I don't want to get all not my Nigel but my DH grew up with very traditional parents, his dad worked a high pressure job and his mum was a SAHM and did everything around the house. My DH never expected that from me because he understood that that was an arrangement his parents had agreed and suited them, not something to impose unilaterally on me.

But then I think I have always been a lot more assertive than a lot of women on here - before we moved in together, we agreed a split of chores and we renegotiate that periodically. I would never dream of picking up his socks etc, in fact (to general astonishment on here) I have never done his laundry at all. (And no we don't do half loads, we just wait the while few days till we have a full one)

Intercity225 · 11/10/2021 16:55

BF on demand

That is certainly not a recent guideline. I was bf on demand 34 years ago! (I was supported by a La Leche League counsellor, and later worked for another charity, supporting breast feeding)

JustThisLastLittleBit · 11/10/2021 16:56

@grey12 with respect, the only one of those things that wasn’t the advice 30 years ago was not giving water to babies (even then, I didn’t because all my babies wanted was MILK).

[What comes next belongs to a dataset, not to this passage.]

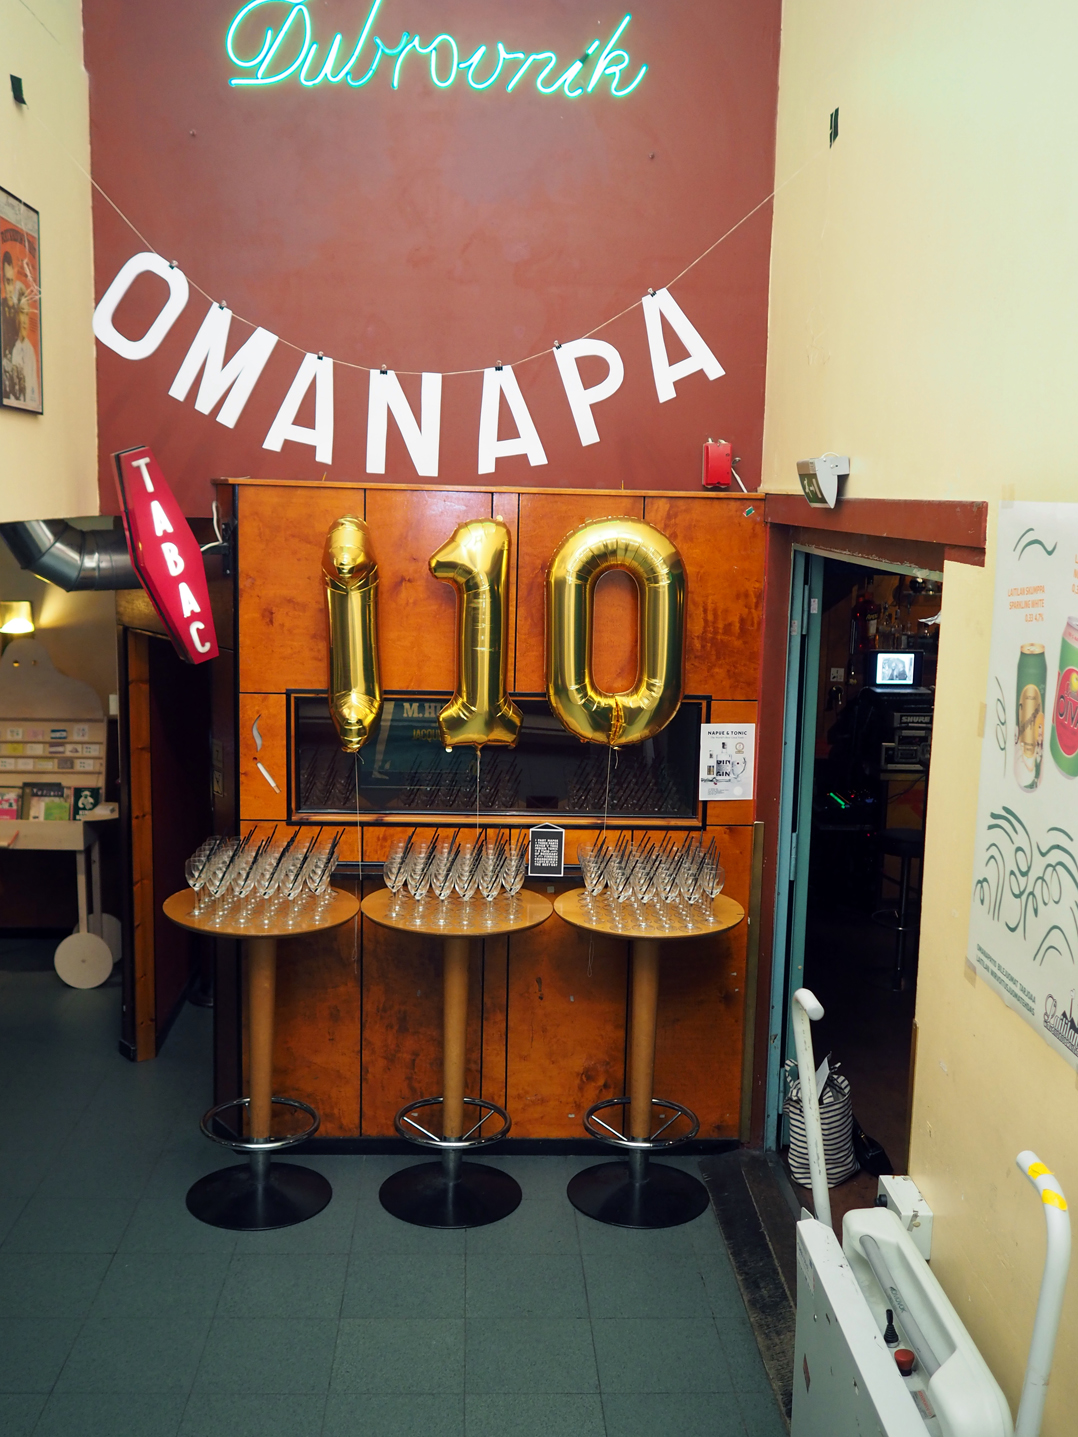 OMANAPA110 Party place was the one & only, legendary Dubrovnik at Eerikinkatu, Helsinki!

People my age can learn and take instructions you know.

When I was online dating I met several men in sole charge of their DC, through bereavement and illness rather than divorce admittedly. They struggled but they coped, because that’s what single parents have to do.

Comedycook · 11/10/2021 16:59

Now many women at least 50% would want careers and their own income contribution even if they had a chance to be a housewife

They want to develop their careers and not to rely 100% on their husband in case of

1) divorce
2) he dies

and then the wife if often left struggling financially without having received education/built her career

To survive financially such a wife has to find a new husband asap

Agree entirely but it's not a genuine choice if women are doing it because they're scared of it all going wrong.

I wonder how many would choose to be a housewife if it was risk free? Probably quite a few

LavenderYellow · 11/10/2021 17:37

@grey12

GP knows a lot of tricks Wink they are particularly great at putting kids to sleep and playing with them.

However I will say there are modern ideas that they don't know about. How nowadays it is advised to put babies on their backs, start foods at 6months, BF on demand, no water for small babies...... all those guidelines are recent and only new parents are more aware of it. GP need to be flexible to know that some things change and be willing to learn Smile

Are grandparents too stupid to find out about current guidelines? Funnily enough, we managed to learn to do it safely and following guidelines ( I breastfed on demand, laid my first baby on her side and subsequent babies on their backs, and started solids at 5 months) Only difference is we spoon fed pureed food and didn't give finger food quite so early. Most of us are very capable of learning the latest advice and would be willing to do so, but if we're treated like morons we probably wont offer any support.